What are the default ldap groups in Neo4j?

Trick question? I wasn’t sure how to answer this one because there aren’t any default groups to my knowledge.

Explain the architecture of a cluster with GDS

Clusters are supposed to have 2n nodes in the cluster because of the reliance on the Raft protocol. GDS nodes don’t participate in node consensus and therefore don’t contribute to the . For this reason, a minimum cluster with GDS would consist of 3 nodes in the consensus with the fourth node acting as the GDS node.

How do you restart Neo4j?

Neo4j typically runs as a service, which means a simple systemctl restart neo4j should do the trick. It’s not possible to restart Neo4j without downtime unless there’s a deployment system on top, such as Kubernetes.

How do you upgrade Neo4j? Is there downtime?

Upgrading Neo4j can be done by replacing the neo4j binaries on the host system. Personally, I prefer to install the target version on the host and use the neo4j-admin tool to manually migrate the database to the fresh install.

There will always be downtime when upgrading major versions of Neo4j. Minor versions can be updated without downtime so long that Neo4j is running as a cluster. Otherwise, there will always be downtime when upgrading standalone instances.

How does SSL work in Neo4j?

SSL is configured through the node’s Neo4j configuration file. Certificates should be either self signed or done through a CA. These need to be placed on each node, along with the proper config values to both enable ad point to the certificates.

How do you back up and restore data?

There are a couple of ways to back up data. The neo4j-admin tool can be used for both online and offline backups with the database dump and database backup commands. Alternatively, the entire database folder can be copied.

Restoring can also be done with the neo4j-admin tool or by copying the database backup from disk onto the new instance.

Why would you cycle primary and secondary nodes?

This one was a bit tough - the only reasons I could think of are to clear the caches.

How do you speed up a query?

  1. The easiest is to profile the query and look for any steps than can be removed, for example filtering on labels
  2. Increase RAM
  3. Write a stored procedure

Why would you write custom stored procedures?

Stored procedures should be used to improve query performance by manually leveraging the Java transaction API and when loading bulk data.

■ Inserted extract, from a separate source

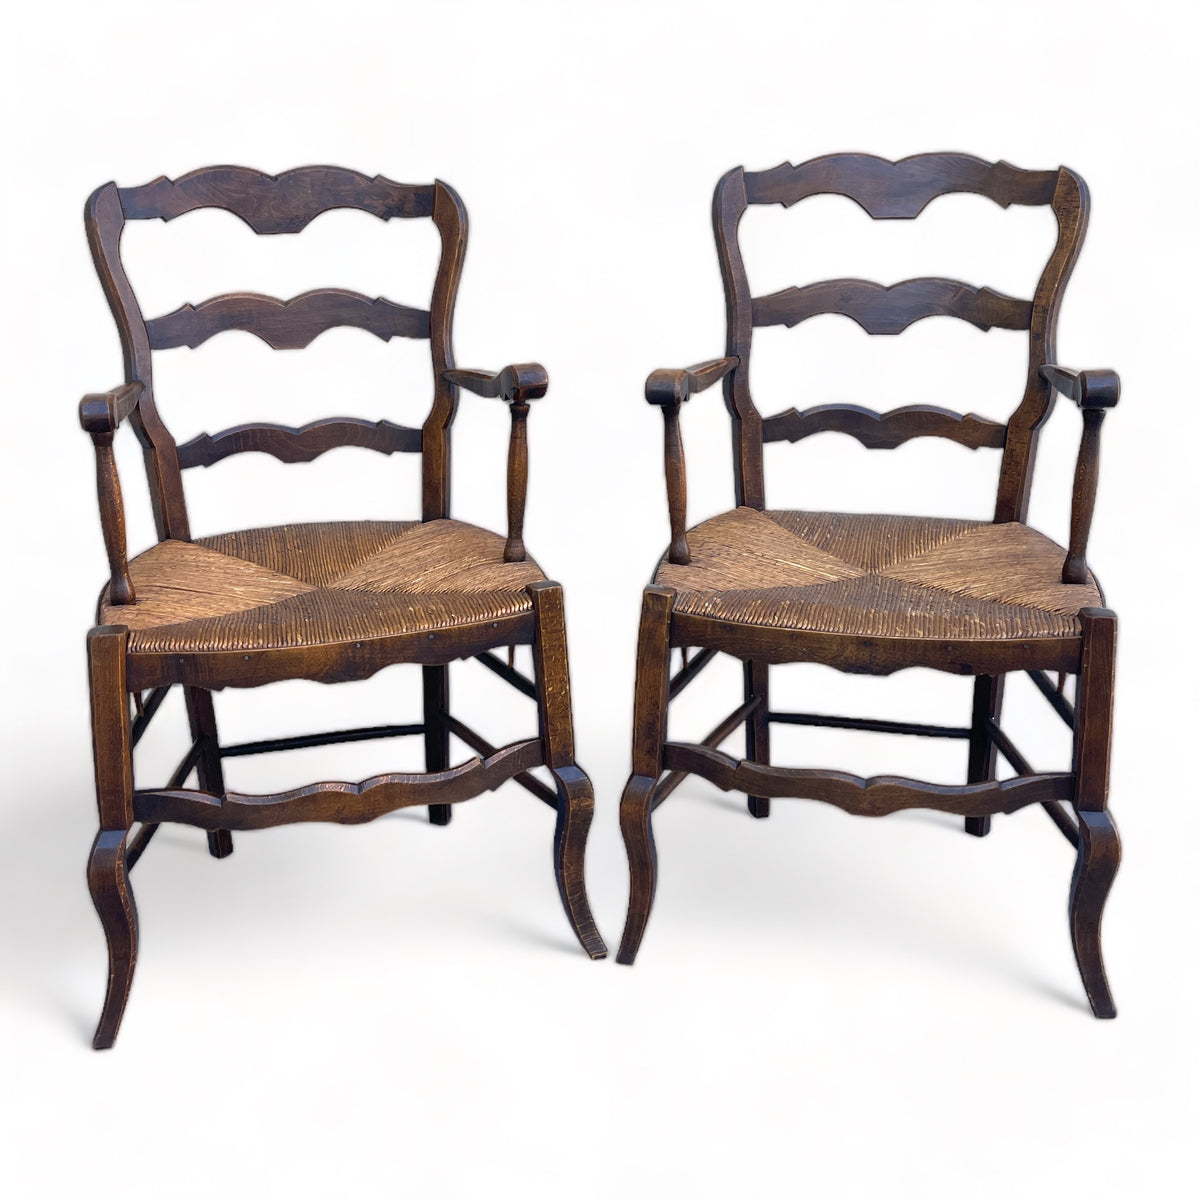 Pair of Country French Armchairs

By leveraging the transaction API the query planner is bypassed, giving finer control of how the data is navigated to answer the query. Note that stored procedures for query answering are usually one-off and targeted for specific queries.

What are several ways to visualize graph data?

  1. The main Neo4j query interface displays CYPHER query results. I’ve found that I hit performance issues when visualizing large number of nodes and the visualization window is fairly small.
  2. Neo4j offers Neodash, which is a dashboard application built on top of Neo4j. It allows for quick control creation (pie charts, bar charts, etc) from CYPHER queries. It’s a great way to show summaries of data, but not for the overall network structure.
  3. Neo4j also has a Gephi plugin that allows for sending data from a CYPHER query directly to Gephi where it can be visualized. Gephi is able to render large graphs and has a breadth of ways to tweak the visualizations. This is my go-to for visualizing large graphs however, the setup process can be cumbersome and I don’t ask others to replicate the process.